Growing up in inner-city Richmond, Va., Everette Taylor was surrounded by gang violence, prostitution and drug dealing, and little exposure to traditional markers of success. Wealth, to him, was an abstract idea, something he understood primarily as a way out. But he struggled to see himself reflected in the archetypes of success of his generation.
“I was a young Black kid from the inner city, and I didn’t feel like I had anything in common with a Steve Jobs or a Mark Zuckerberg,” Taylor told Observer in an interview in April.
But the urgency to change his circumstances took root early. He began working at 14, after his mother, a custodian, found drugs in his bedroom and forced him to get a job. During high school, he experienced homelessness, an experience that would deeply shape his worldview and entrepreneurial drive.
“It really showed me what it was like to have nothing, but it also added so much empathy in my life to also be around others that didn’t have anything,” he said. “It’s why I’m so passionate about creating opportunities. A lot of people who are homeless or living in poverty simply don’t have that chance.”
Eventually, he found inspiration in Shawn “Jay-Z” Carter, whose dual identity as both artist and entrepreneur resonated more closely.
“I remember seeing him on the cover of Black Enterprise, and I saw someone who was a creative and also shrewd businessman,” Taylor said. “To see him create music that I love and build himself into a billionaire was super inspiring.”
Taylor’s own path would follow that hybrid model. He dropped out of college during his sophomore year to launch his first company, EZ Event, a ticketing platform that grew out of a party promotion business he co-founded with two college friends. After selling the company a few years later, he briefly returned to school—only to leave again, this time for Silicon Valley.
By his mid-20s, Taylor had built a reputation as an executive who knows how to grow a fledgling business rapidly. At 25, he became head of marketing at Sticker Mule, followed by a stint as chief marketing officer at Qualaroo. He went on to co-found several startups, including PopSocial, which he sold at 28, marking his most successful exit.
In 2019, he launched ArtX, a platform designed to support emerging artists, and relocated to New York. That same year, he joined online art marketplace Artsy as chief marketing officer, his first role at an established company.
“I had these small wins with startups, but Artsy was the first really established company that gave me an opportunity to be a part of the C-suite at only 29 years old,” he said. “That was a huge game changer, because it gave me the credibility to build at scale and a true global international business.”

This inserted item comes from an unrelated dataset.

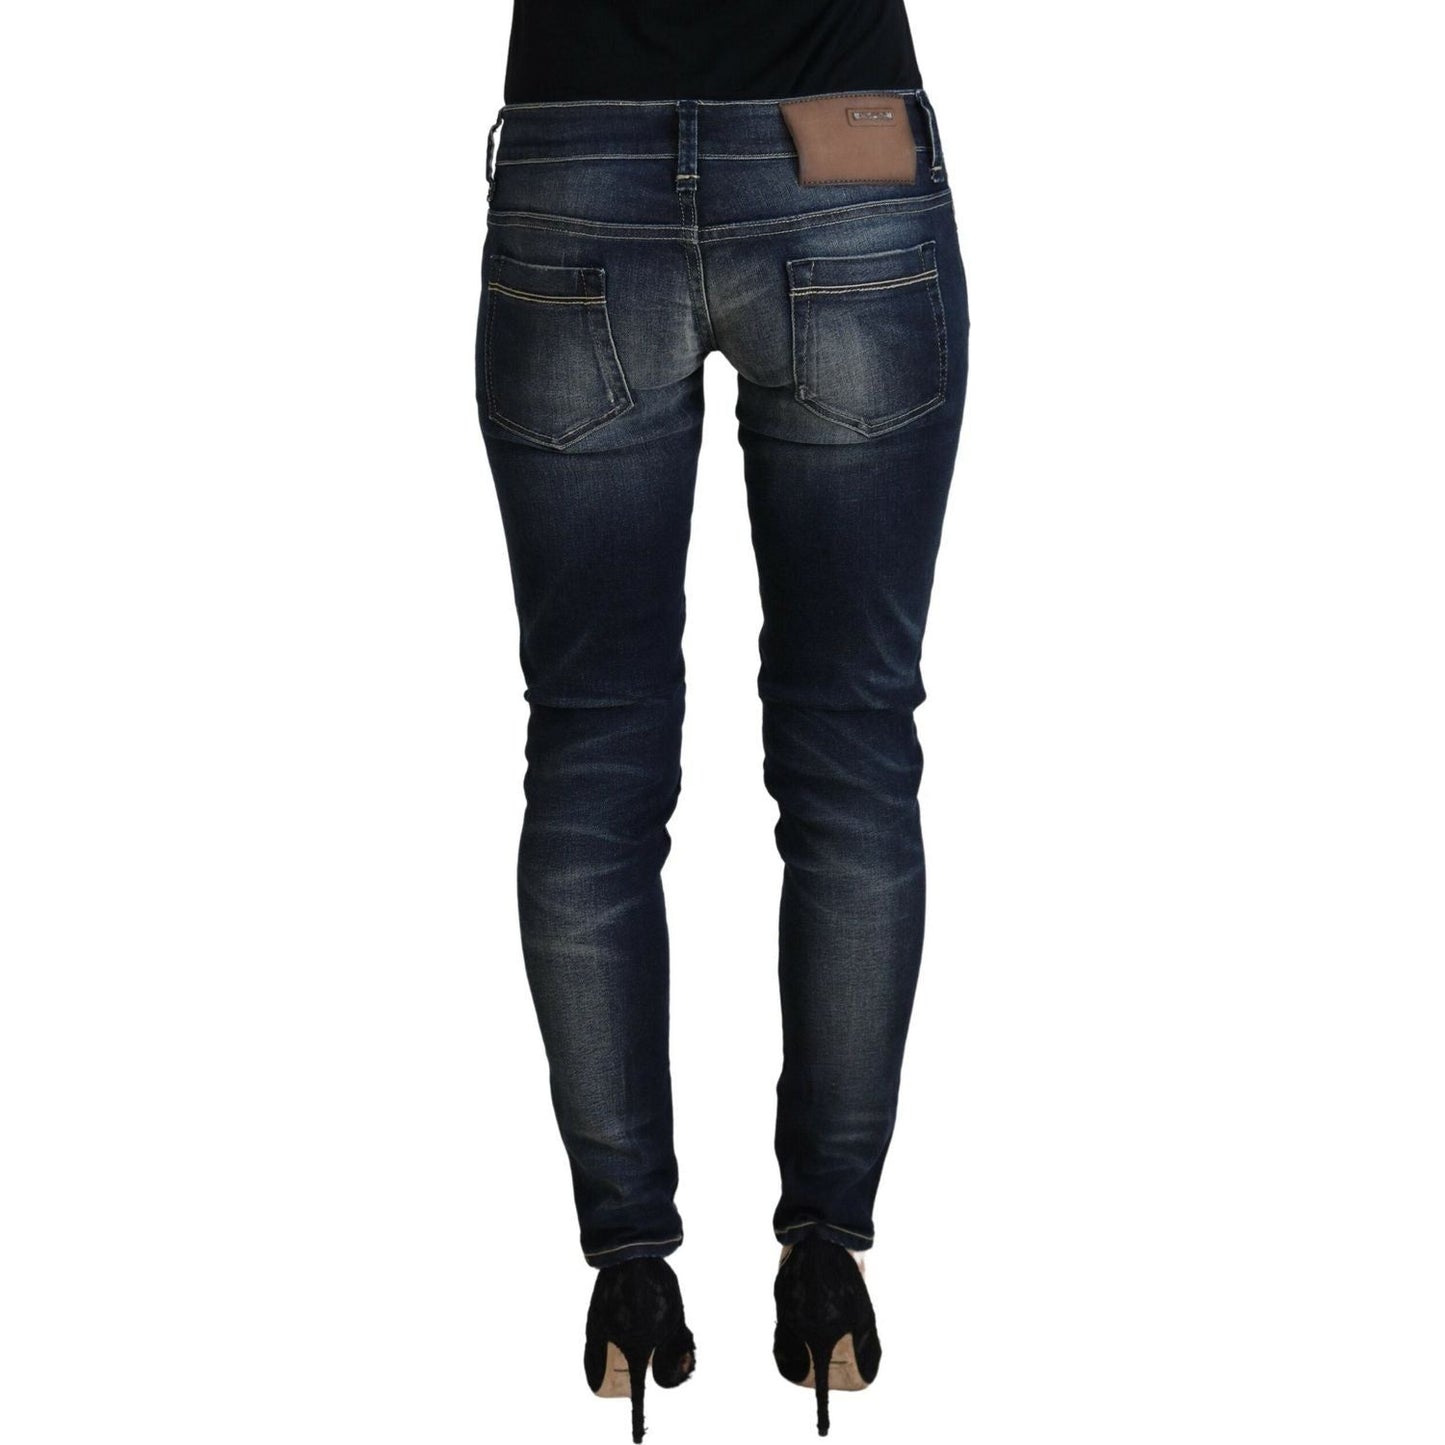 Acht Chic Blue Washed Skinny Low Waist Jeans blue-washed-cotton-slim-fit-women-denim-jeans

At Artsy, Taylor helped grow its revenue by 150 percent in one year. In April 2022, he was named one of Forbes’ top 50 most entrepreneurial CMOs. A subsequent Financial Times profile further elevated his visibility—and caught the attention of Kickstarter.
When Taylor was approached to lead the crowdfunding platform in 2022, the business was struggling. Revenue had been declining by roughly 20 percent annually, and Kickstarter was steadily losing ground to competitor Indiegogo.
Taylor’s strategy centered on refocusing Kickstarter around its core strength: community-driven discovery. Unlike traditional fundraising platforms, Kickstarter does not rely on equity financing. Instead, it allows creators to raise money directly from supporters. The platform makes money from a 5 percent commission on funds raised and payment processing fees.
Taylor leaned into what he describes as “matching niche projects with niche backers” by prioritizing quality, curation and creator storytelling over scale-at-all-costs growth. The overlap between creators and backers (many users participate as both) became a key advantage in rebuilding network effects. He also doubled down on Kickstarter’s identity as a creative ecosystem rather than a transactional marketplace, investing in tools and programming that help creators build audiences, not just raise funds.
Since Taylor took over, Kickstarter has regained dominance in its category, capturing an estimated 98 percent of Indiegogo’s market share, according to Taylor. In 2025, the company reported revenue growth of 50 percent year-over-year.
For Taylor, the mission is also deeply personal. Having built his own companies without venture capital, he remains acutely aware of the structural barriers facing underrepresented founders.
“I never tried to [raise venture capital]. I knew what it was like out there for me as a Black founder,” he said. “So I focused on building companies that I could get to profitability pretty fast. I didn’t go after the biggest ideas because I didn’t feel like I would get funded.”
“I started my first company almost 20 years ago. It doesn’t feel like things are much better than it was even back then,” he added. Black founders received only about 0.4 percent of U.S. venture capital in 2024, sharply down from its 1.3 percent peak in 2021.
Taylor sees Kickstarter as an alternative funding pathway less constrained by traditional gatekeepers. “We want to make sure that you know founders have the opportunity to be successful on our platform, no matter what their background,” he said.
That commitment also extends internally. Today, all six members of Kickstarter’s executive team are people of color, and half are women.